To evaluate if redirecting a Kirschner wire (K-wire) through the same proximal hole will weaken the pull-out force and to test if multiple redirections will result in a continued stepwise decrease in pull-out force.
Methods
An Instron was used to test the pull-out force of K-wires using the peak initial failure load as a measure of failure of K-wire fixation. K-wires 0.062 inches in diameter were inserted with an angled drill guide into a bicortical bone substrate. Trials were divided into 7 groups with the first group having the K-wires placed through both cortices and then tested without redirection. In groups 2–6, the K-wire was placed bicortically and then withdrawn and redirected through the same proximal hole with 1, 2, 3, 4, and 5 redirections. A control group in which the K-wire was only unicortical was also tested.
Results
Compared with the control group of no redirects, any number of redirections weakened the pull-out force. There was no difference between redirected groups and the unicortical group. When comparing between redirections, there were no significant differences in pull-out force. Regression analysis showed that, after the first redirection, there was no stepwise change in pull-out force with additional redirection.
Conclusions
There was a significant decrease in pull-out force with any redirections, but there was no stepwise decrease in failure force after multiple redirections. The failure force of any redirection was similar to a unicortically placed wire.
Clinical relevance
Any K-wire redirection attempts in hand bone fixation can result in a considerably weakened construct.

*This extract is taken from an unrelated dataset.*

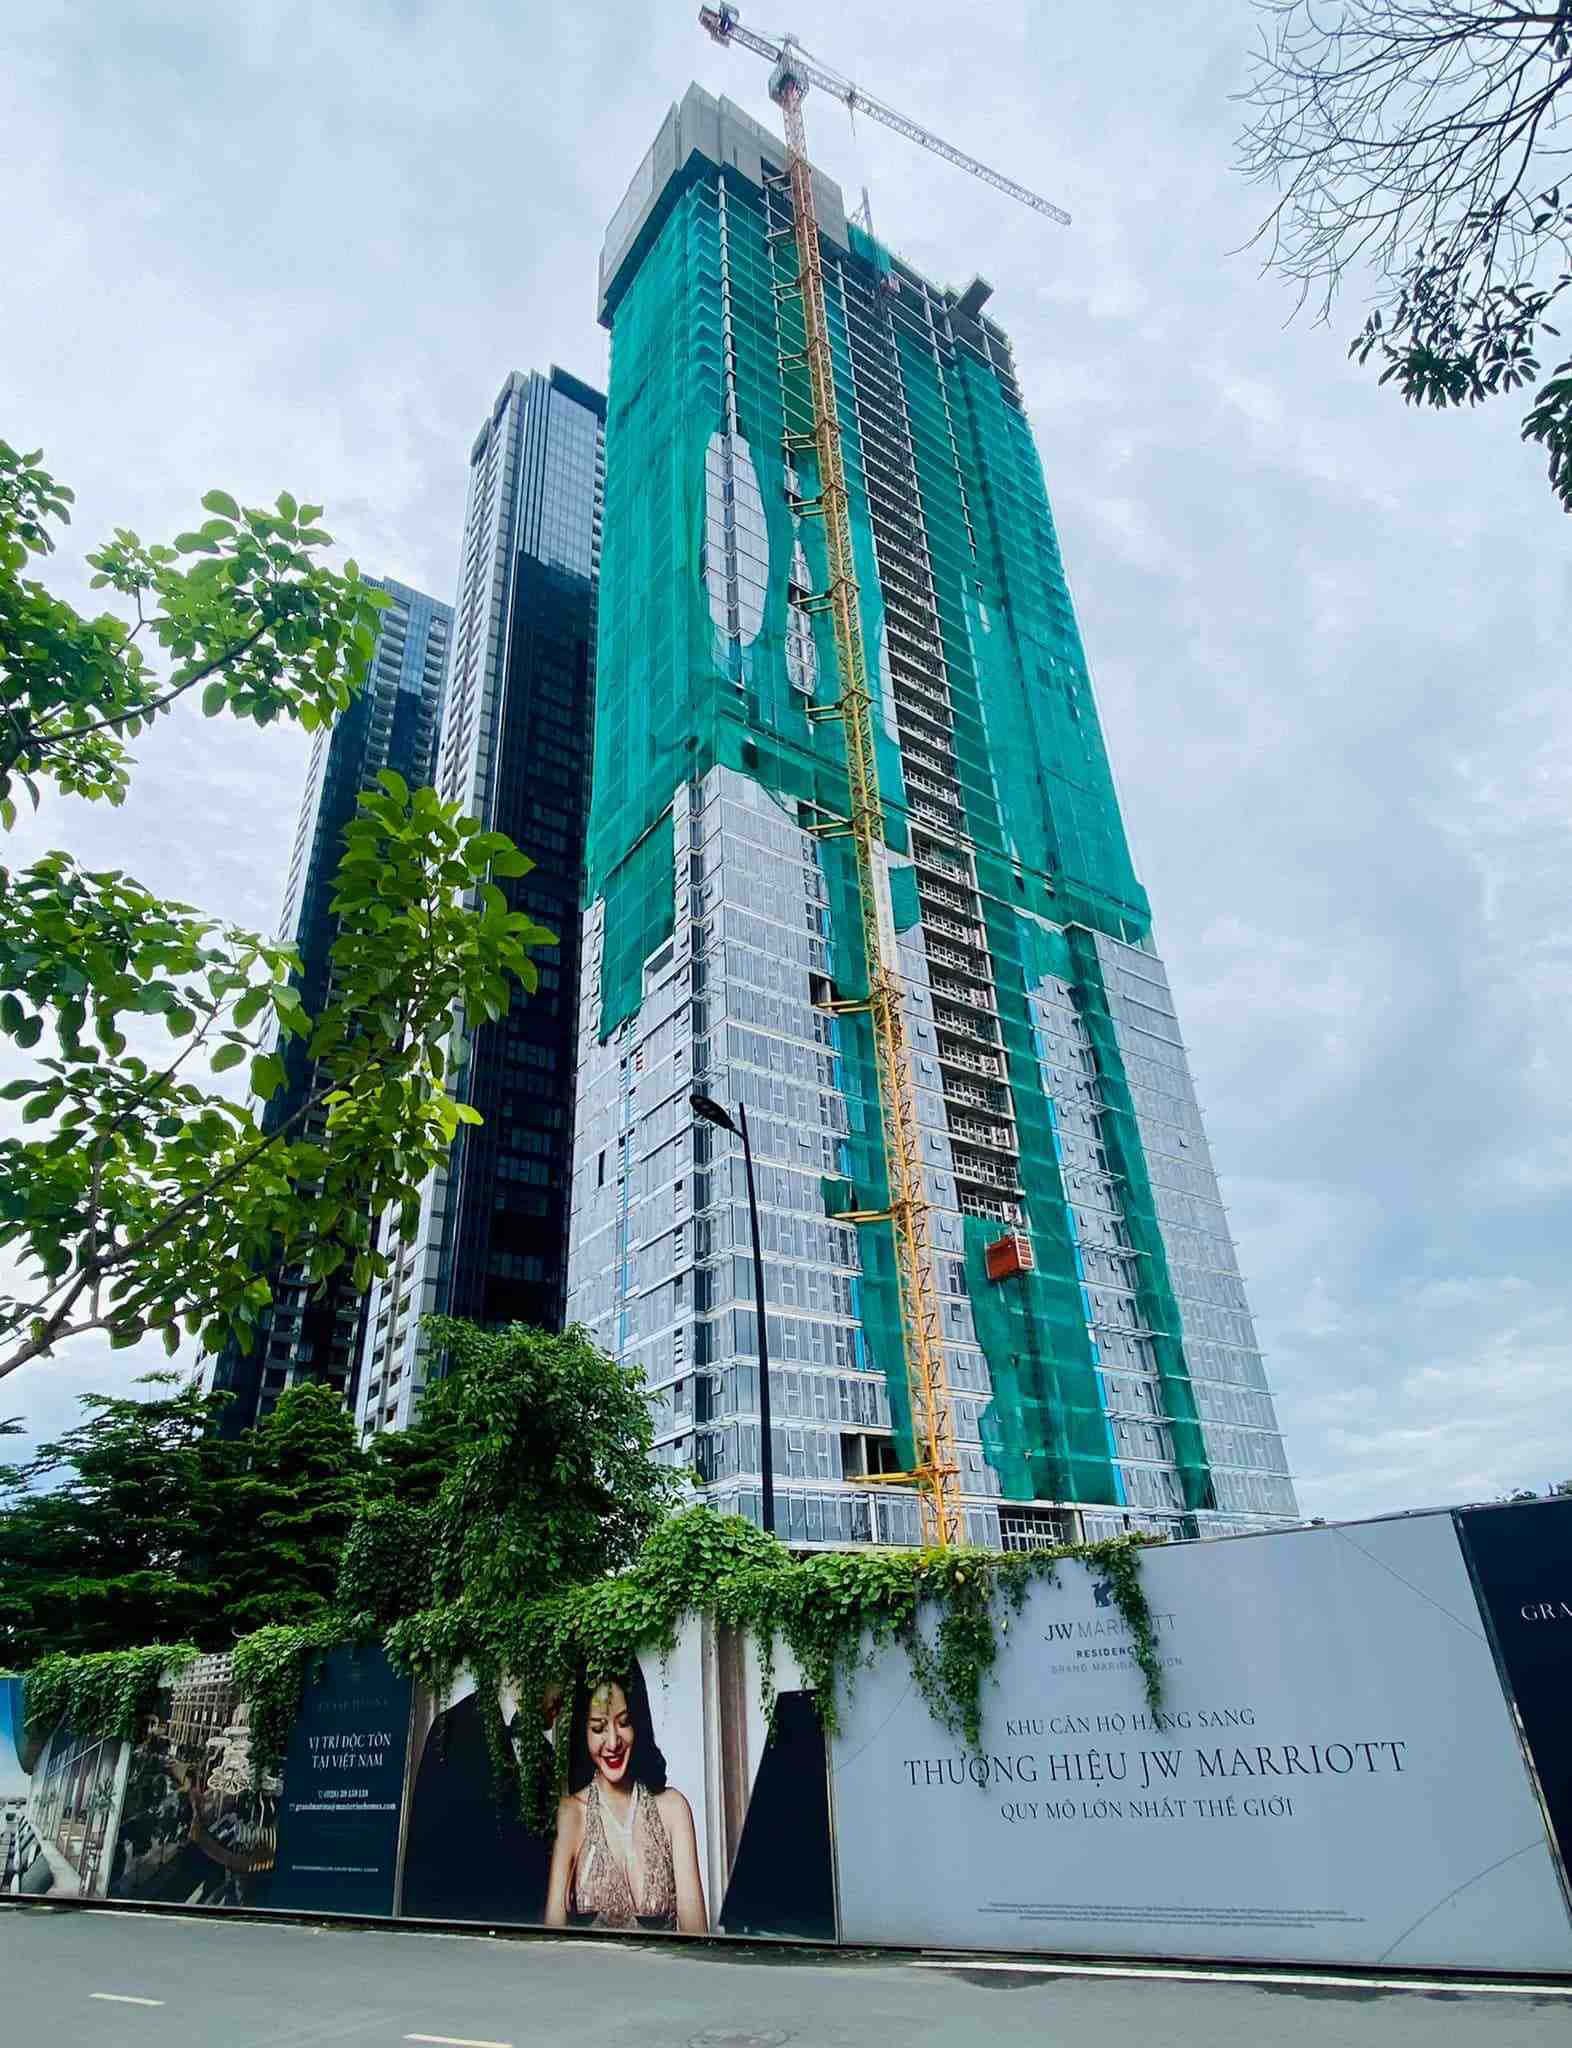 Cập nhật tiến độ dự án căn hộ hàng hiệu Grand Marina, Saigon tháng 7/2022

The benefits of using these smooth wires in the context of hand surgery include percutaneous placement, simple removal in an outpatient setting, and low cost. Extra-articular K-wires have the same recovery and functional results as lag screws and plates in certain cases and may be preferred to nonsurgical treatment with cast or brace immobilization.

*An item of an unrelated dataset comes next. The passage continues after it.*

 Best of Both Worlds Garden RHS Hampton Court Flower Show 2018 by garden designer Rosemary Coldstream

Smooth wires biomechanically rely on friction for fixation, though these have evolved over time from thick 3.5- to 6-mm pins that were hammered into predrilled holes to the drilled 0.7- to 1.5-mm wires that are typically used for fracture fixation today.
However, none of these studies look at the biomechanical limitation of the smooth wires themselves, as the lack of additional features such as threads could be a concern in settings of poor bone quality or bone loss. In addition, K-wires require accurate placement and failure to achieve that may lead to either redirecting the K-wire through the same proximal hole or picking a new starting hole. Redirecting the K-wire may weaken the overall construct by loosening the friction-based fixation at the proximal insertion point and potentially lead to failure. Therefore, we aimed to understand the effect of multiple redirection attempts on K-wire pull-out force.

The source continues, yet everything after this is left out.